*** Provided entries ***
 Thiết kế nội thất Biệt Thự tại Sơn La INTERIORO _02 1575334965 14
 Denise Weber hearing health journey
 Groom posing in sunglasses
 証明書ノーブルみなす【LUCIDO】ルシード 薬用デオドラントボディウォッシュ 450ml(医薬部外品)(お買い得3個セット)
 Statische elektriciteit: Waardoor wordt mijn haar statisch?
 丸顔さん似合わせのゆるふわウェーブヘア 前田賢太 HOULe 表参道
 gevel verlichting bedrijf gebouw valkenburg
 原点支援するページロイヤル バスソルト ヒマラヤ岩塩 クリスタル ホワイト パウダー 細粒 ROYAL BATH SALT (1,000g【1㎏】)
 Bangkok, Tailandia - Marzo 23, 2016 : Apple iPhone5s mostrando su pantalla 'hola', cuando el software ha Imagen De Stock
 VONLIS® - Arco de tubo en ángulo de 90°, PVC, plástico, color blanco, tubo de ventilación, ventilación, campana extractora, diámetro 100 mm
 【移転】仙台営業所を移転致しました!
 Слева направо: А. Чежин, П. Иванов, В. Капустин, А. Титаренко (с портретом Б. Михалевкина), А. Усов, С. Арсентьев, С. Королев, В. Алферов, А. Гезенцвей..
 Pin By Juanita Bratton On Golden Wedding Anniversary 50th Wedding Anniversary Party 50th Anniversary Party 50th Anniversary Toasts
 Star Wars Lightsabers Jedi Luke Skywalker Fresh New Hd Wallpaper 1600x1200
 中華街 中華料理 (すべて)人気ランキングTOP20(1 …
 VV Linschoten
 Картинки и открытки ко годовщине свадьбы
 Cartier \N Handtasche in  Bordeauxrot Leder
*** End of Provided entries ***
» **Task description**
Set the records above down again, exactly as they read.

» **Final answer**
 Thiết kế nội thất Biệt Thự tại Sơn La INTERIORO _02 1575334965 14
 Denise Weber hearing health journey
 Groom posing in sunglasses
 証明書ノーブルみなす【LUCIDO】ルシード 薬用デオドラントボディウォッシュ 450ml(医薬部外品)(お買い得3個セット)
 Statische elektriciteit: Waardoor wordt mijn haar statisch?
 丸顔さん似合わせのゆるふわウェーブヘア 前田賢太 HOULe 表参道
 gevel verlichting bedrijf gebouw valkenburg
 原点支援するページロイヤル バスソルト ヒマラヤ岩塩 クリスタル ホワイト パウダー 細粒 ROYAL BATH SALT (1,000g【1㎏】)
 Bangkok, Tailandia - Marzo 23, 2016 : Apple iPhone5s mostrando su pantalla 'hola', cuando el software ha Imagen De Stock
 VONLIS® - Arco de tubo en ángulo de 90°, PVC, plástico, color blanco, tubo de ventilación, ventilación, campana extractora, diámetro 100 mm
 【移転】仙台営業所を移転致しました!
 Слева направо: А. Чежин, П. Иванов, В. Капустин, А. Титаренко (с портретом Б. Михалевкина), А. Усов, С. Арсентьев, С. Королев, В. Алферов, А. Гезенцвей..
 Pin By Juanita Bratton On Golden Wedding Anniversary 50th Wedding Anniversary Party 50th Anniversary Party 50th Anniversary Toasts
 Star Wars Lightsabers Jedi Luke Skywalker Fresh New Hd Wallpaper 1600x1200
 中華街 中華料理 (すべて)人気ランキングTOP20(1 …
 VV Linschoten
 Картинки и открытки ко годовщине свадьбы
 Cartier \N Handtasche in  Bordeauxrot Leder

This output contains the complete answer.